The main limitation of our experiment is the limited time we were able to run the grounding, distillation and pre-training processes for. Because of this, we chose to focus on the immediate consequences of the switch in advice type, but we would need more time for an effective comparison of the two methods' convergence speeds or overall performance. More pre-training time would also likely improve the performance of our method's agent because the advice it is receiving would be closer to the directional advice it was grounded on.

Additionally, our method has some limits that would make it impractical for some cases. First, it needs a large amount of high- and low-level advice to serve as a training dataset, which could be impractical for some cases, for instance if the advice needs to be human-provided. In this case, providing the high and low-level advice pairs for training becomes expensive and having enough data for proper pretraining is implausible. Allowing the advice-conversion mlp to continue to train during the agent's own training would help with this issue, but then would not allow as smooth of a transition as the pre-training does. The pairing of high-level with low-level advice in pairs also would not work in cases where the two advice types do not have a clear relationship. Finally, the methods used to generate the mlp's training data may not reflect the actual environmental conditions (for instance, our training data assumed no walls inside of the maze), which may hurt the agent's performance when using this data.

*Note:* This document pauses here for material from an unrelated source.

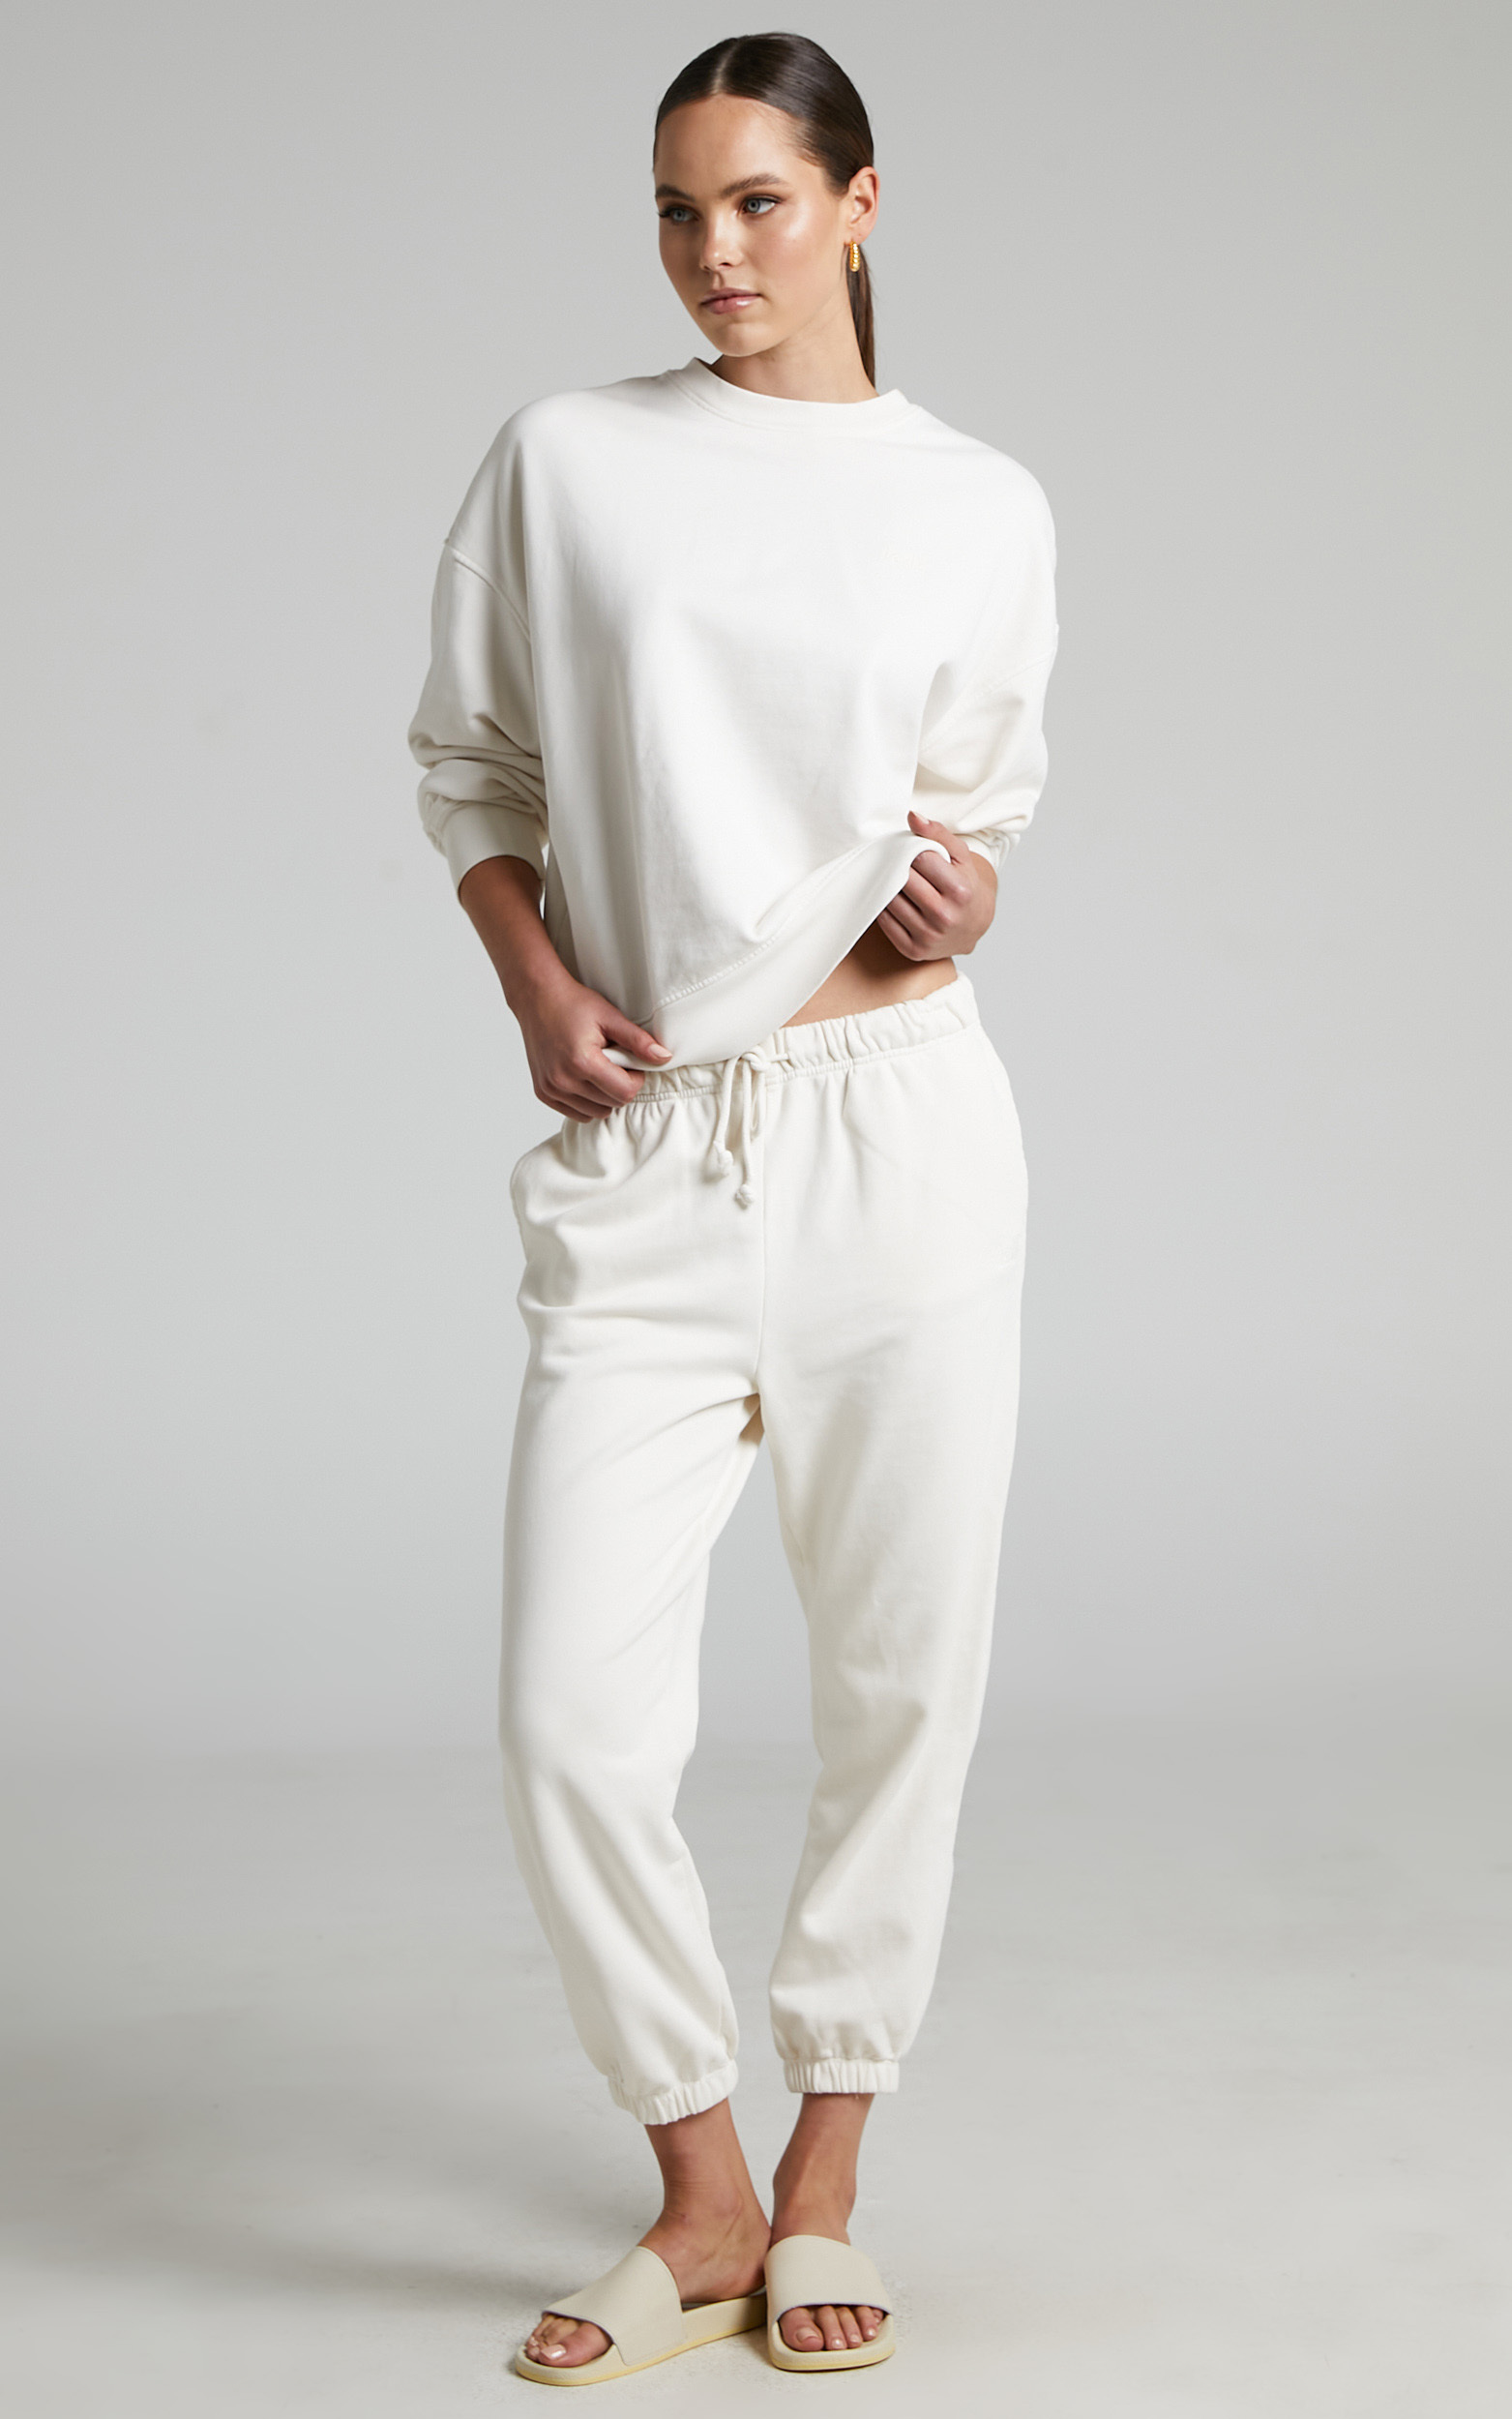 Levi's - Low Rise WFH Trackpants in Sugar Swizzle - L, CRE1, hi-res image number null

Future Research Directions

Simply running the phases of our method for longer would be a good future experiment, allowing the later performance of the two methods to be compared. There are also several tweaks to our method that could be tested in future experiments. The time-convergence tradeoff of the advice-conversion mlp could be explored, and the mlp could be allowed to continue training during the distillation phase or even integrated into the agent's own network rather than being separate. Both the paper's and our methods could also be applied to other types of environments and advice, in order to see if the results hold across environment and advice types.

Finally, we addressed earlier the critique that the advice provided in this experiment is fairly simple and low-bandwidth, just being a 2-D vector. This is not really rich in a comparable way to the advice humans learn from. It would be a very interesting future experiment to have a real natural language processing layer that could parse human language into an advice signal that could be provided to and interpreted by a RL agent. This addition would allow much easier human coaching, as coaches would not need to have a technical background and would not need to provide low-level, possibly cryptic advice, making this paper more relevant to practical situations.